Le difese immunitarie dei bambini nei loro primi anni di crescita non vanno considerate incomplete o carenti, contrariamente a quanto ipotizzato per molto tempo dalla medicina. Al contrario, si tratta di un apparato estremamente specializzato, il cui compito biologico è guidare il neonato nel passaggio dall’utero materno all’ambiente esterno. Questo sistema si rivela flessibile e pronto a modificarsi, ma risulta altrettanto fragile di fronte agli stimoli esterni durante le prime fasi dello sviluppo. È questo il filone scientifico emerso dall’analisi pubblicata su Nature Immunology da parte degli esperti del network internazionale IDEAL (Immune Development in Early Life).
Il lavoro di indagine è stato realizzato dagli specialisti dell’Ospedale Pediatrico Bambino Gesù, del Boston Children’s Hospital, della Columbia University e della Yale School of Medicine.

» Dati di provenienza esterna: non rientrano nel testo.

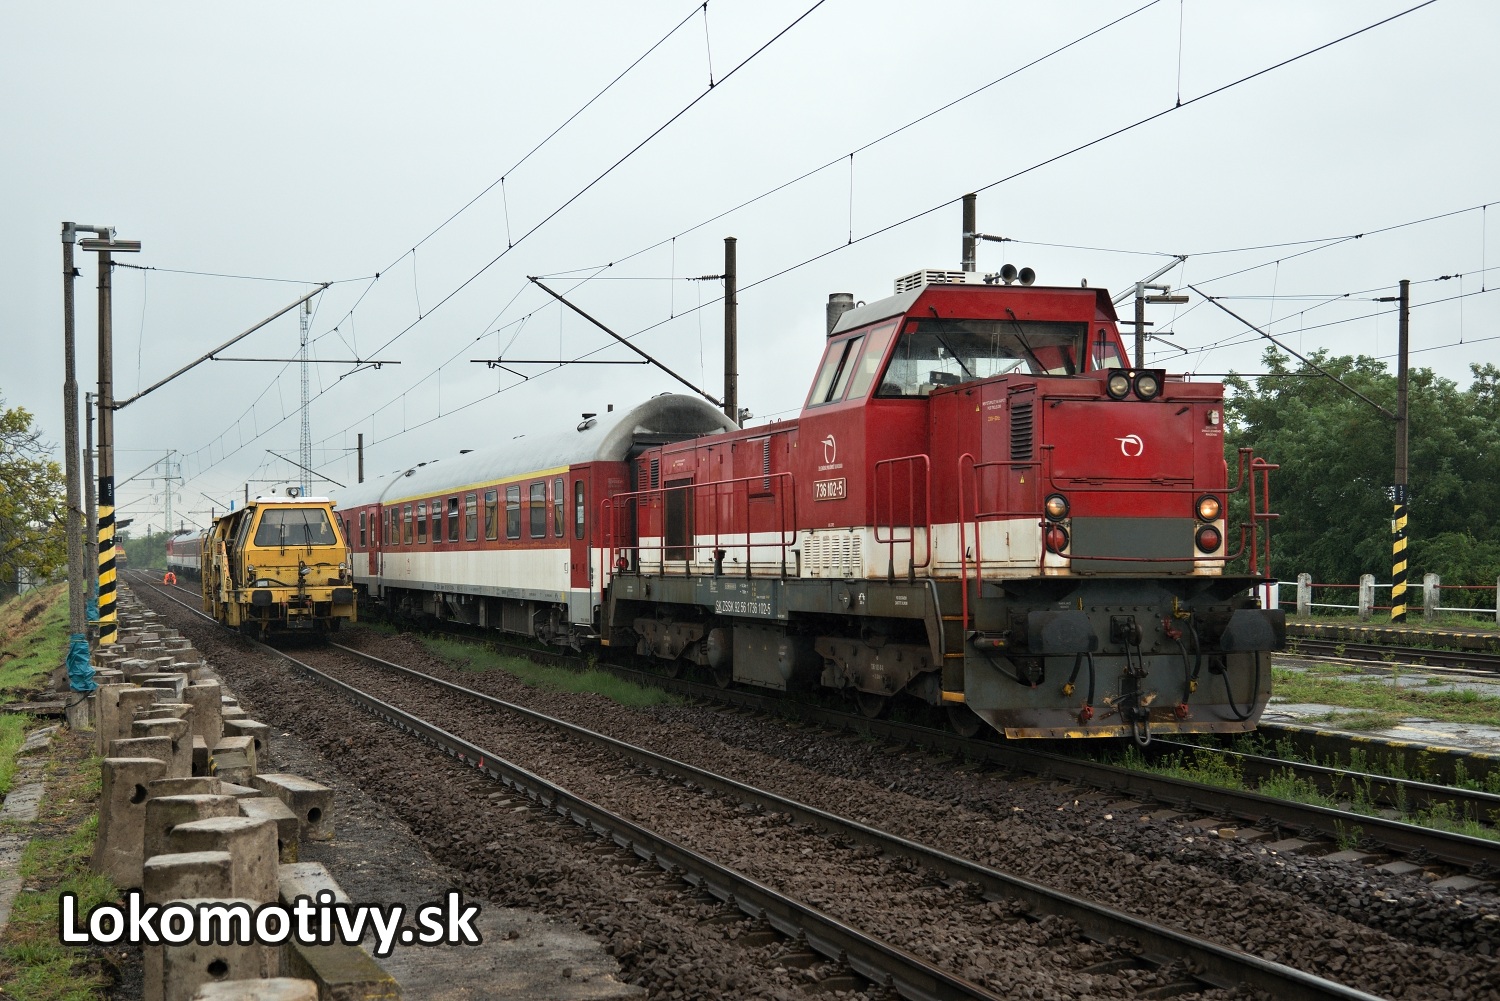 Pokazená lokomotíva v Bratislave vyradila dopravu na hlavnom ťahu v oboch smeroch
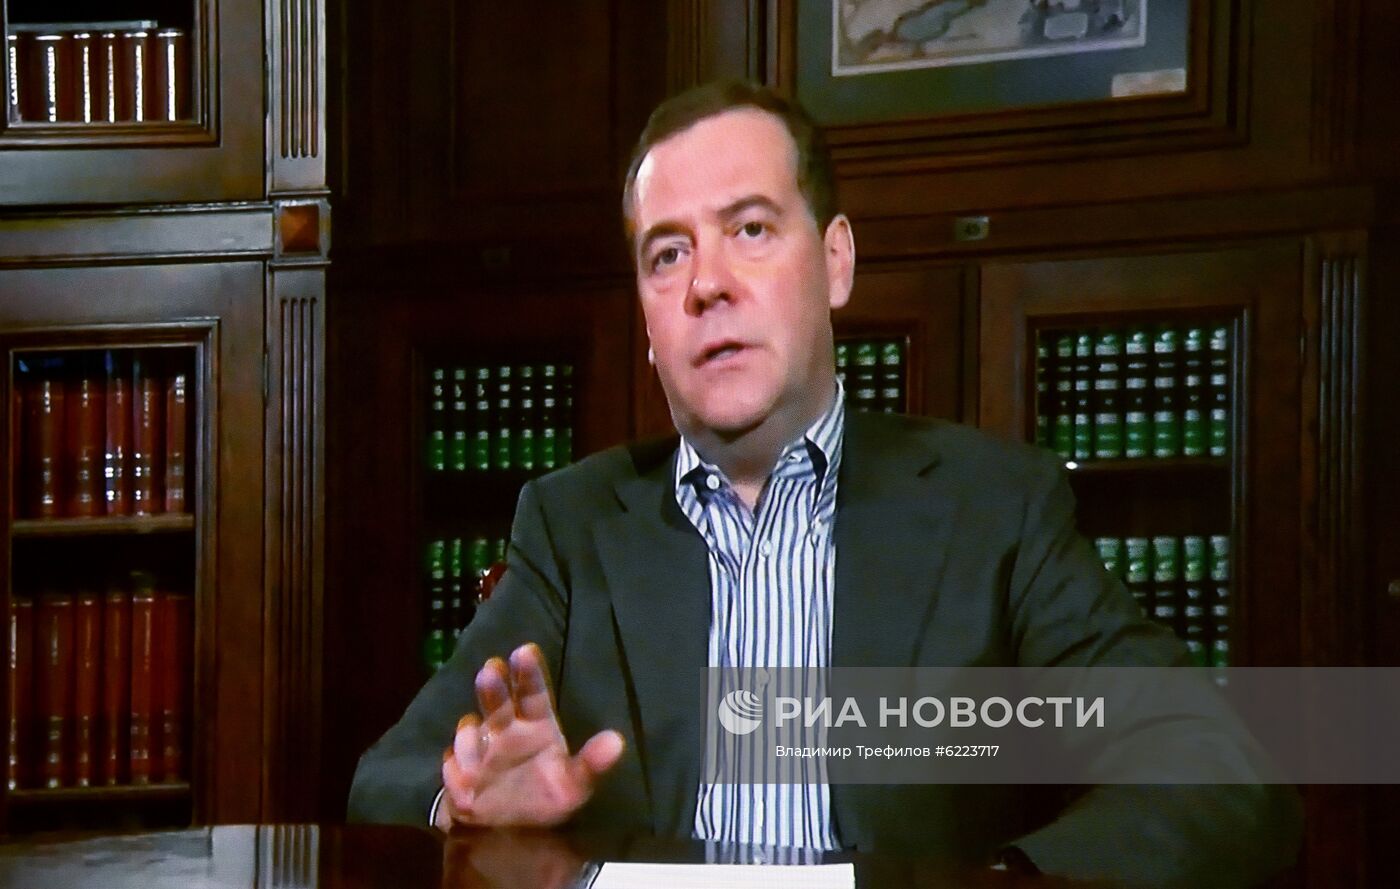 Заместитель председателя Совета безопасности РФ Д. Медведев дал интервью журналистам агентства РИА Новости

Gli scienziati indicano nei primi 1.000 giorni – un arco temporale che va dal momento del concepimento fino ai 2 o 3 anni d’età – la fase cruciale per la strutturazione dell’immunità. Questa finestra temporale incide sulle probabilità future di manifestare asma, risposte alterate alle vaccinazioni, allergie e infezioni. Tra gli elementi ambientali più pericolosi spicca la contaminazione dell’aria. Tale fattore di minaccia trova riscontro nelle prime evidenze raccolte sul gruppo di studio monitorato a Roma all’interno del progetto IDEAL: le analisi preliminari evidenziano infatti un legame diretto tra i livelli di inquinanti e la crescita delle patologie respiratorie nei primi dodici mesi di vita.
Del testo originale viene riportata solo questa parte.